Немаловажным Полевицкая считала и отсутствие у учеников первого курса необходимой культуры сценической речи: им еще только ставили голос, дыхание, прививали навыки произнесения текста на сцене. И, наконец, пестрота наречий и диалектов. Канонический литературный язык на сценах театров Австрии рождался сложно, путем многоступенчатого отбора, сочетания немецкого литературного языка с диалектами австрийских земель. Сама Полевицкая владела литературным немецким языком настолько, что была способна поправлять произношение учеников.
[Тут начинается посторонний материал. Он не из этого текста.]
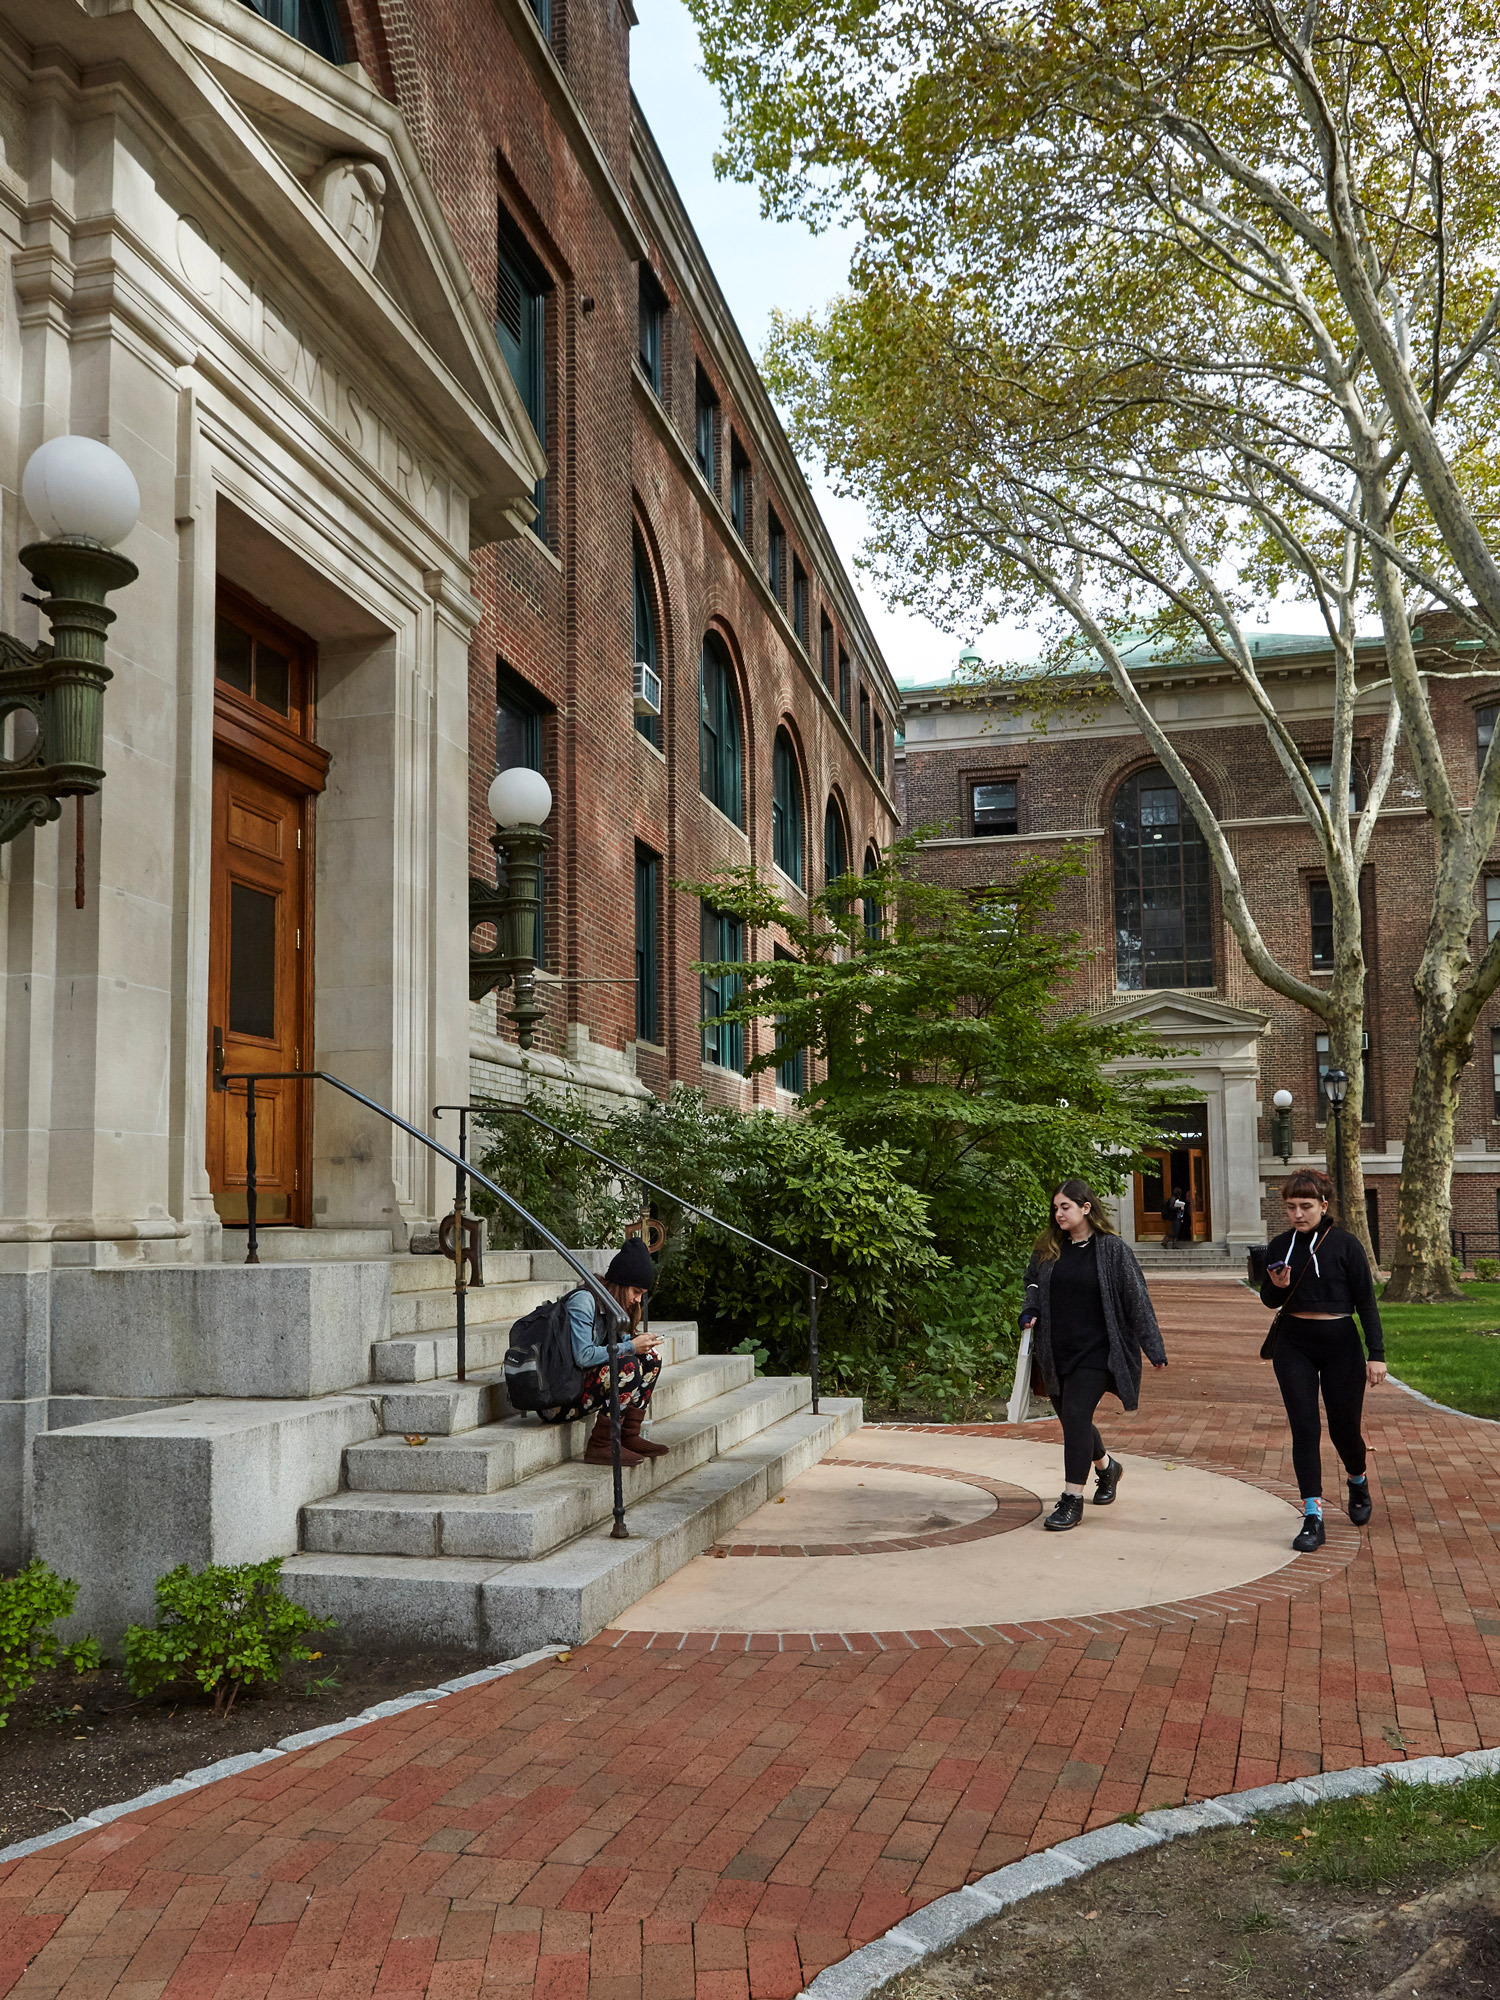 Elegant collegiate architecture with a red brick facade, grand white-trimmed windows, and a stately entrance featuring a wooden door flanked by vintage lanterns, set against a backdrop of verdant trees and a manicured lawn, with students traversing the serene campus setting.

Но австрийцы очень музыкальны, и любая фальшь в выговоре партнера могла выбить ученика из состояния искреннего переживания. Поэтому ограничивались самым кратким рассказом о сюжете этюда, который должен быть понятен без слов. Разрешалось только громко засмеяться или вскрикнуть. Сначала показывались сольные этюды, затем - с партнером.

Каждый урок велся открыто, с привлечением всего курса к обсуждению. Отмолчаться никому не удавалось. Полевицкая любила вовлекать в откровенный разговор всех, намеренно сталкивая различные мнения и оценки. Занятия проходили весело, оживленно, и результаты на экзаменах были отличные.

Полевицкая по-матерински называла своих учеников "мои дети", и они платили ей любовью - для них она была "наша Поли".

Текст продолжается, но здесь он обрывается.